The stock has declined 15.4% in price over the past six months and 16.5% over the past year to close the last trading session at $44.25. However, Wall Street analysts expect the stock to hit $51.50 in the near term, indicating a potential upside of 16.4%.

Here’s what could influence PFE’s performance in the upcoming months:

Positive Recent Developments

On December 29, 2022, PFE announced positive top-line results from the Phase 3 BENEGENE-2 study evaluating fidanacogene elaparvovec, an investigational gene therapy to treat adults with moderately severe to severe hemophilia B.

In addition, on December 8, 2022, PFE and BioNTech SE (BNTX) announced that it had achieved the U.S. Food and Drug Administration’s emergency use authorization for their Omicron BA.4/BA.5-adapted bivalent COVID-19 vaccine. It marks a significant achievement for the companies.

Robust Financials

PFE’s non-GAAP net income attributable to PFE’s common shareholders increased 39.7% year-over-year to $10.17 billion for the third quarter ended September 30, 2022. Its non-GAAP EPS came in at $1.78, representing an increase of 40.2% from the year-ago period.

Its total revenues for nine months ended September 30, 2022, increased 32.4% year-over-year to $76.04 billion.

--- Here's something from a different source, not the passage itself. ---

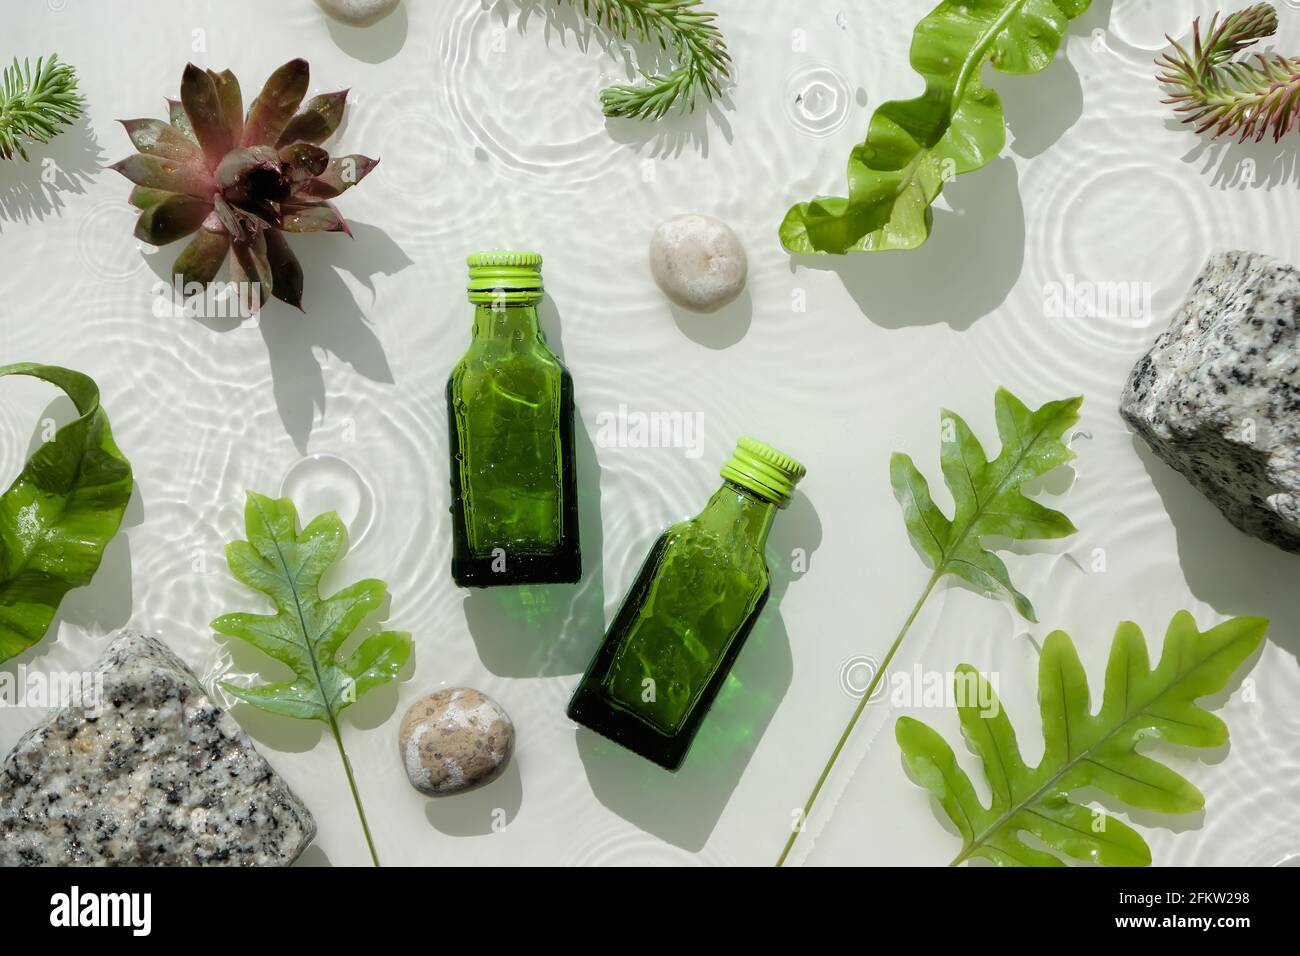 Wasser Hintergrund, kosmetische Hautpflege Feuchtigkeitscreme in grünen Flaschen. Dunkle Glasflaschen. Wasseroberfläche, Spritzer, Ringe, Granitsteine. Exotische Blätter Stockfoto

Its non-GAAP net income rose 67.1% year-over-year to $31.16 billion. In addition, its non-GAAP EPS came in at $5.44, representing an increase of 65.9% year-over-year.

Mixed Analyst Estimates

PFE’s revenue and EPS for fiscal 2022 are expected to increase 23.6% and 46.7% year-over-year to $100.51 billion and $6.48, respectively. However, its revenue and EPS for fiscal 2023 are expected to decline 26% and 30.8% year-over-year to $74.41 billion and $4.49, respectively. It surpassed Street EPS estimates in each of the trailing four quarters.

High Profitability

In terms of trailing-12-month gross profit margin, PFE’s 66.17% is 19.3% higher than the 55.48% industry average. Likewise, its 44.81% trailing-12-month EBITDA margin is significantly higher than the industry average of 3.73%. Furthermore, the stock’s 0.53x trailing-12-month asset turnover ratio is 56% higher than the industry average of 0.34x.

Discounted Valuation

In terms of forward non-GAAP P/E, PFE’s 6.82x is 65.8% lower than the 19.93x industry average. Its forward EV/EBITDA of 5.73x is 58.2% lower than the 13.70x industry average. Also, the stock’s 2.52x forward P/S is 46.3% lower than the 4.69x industry average.

POWR Ratings Show Promise

PFE has an overall rating of A, equating to a Strong Buy in our POWR Ratings system. The POWR Ratings are calculated by considering 118 different factors, each weighted to an optimal degree.

Our proprietary rating system also evaluates each stock based on eight distinct categories. PFE has an A grade for Value, consistent with its discounted valuation.

It has a B grade for Quality, in sync with its high profitability.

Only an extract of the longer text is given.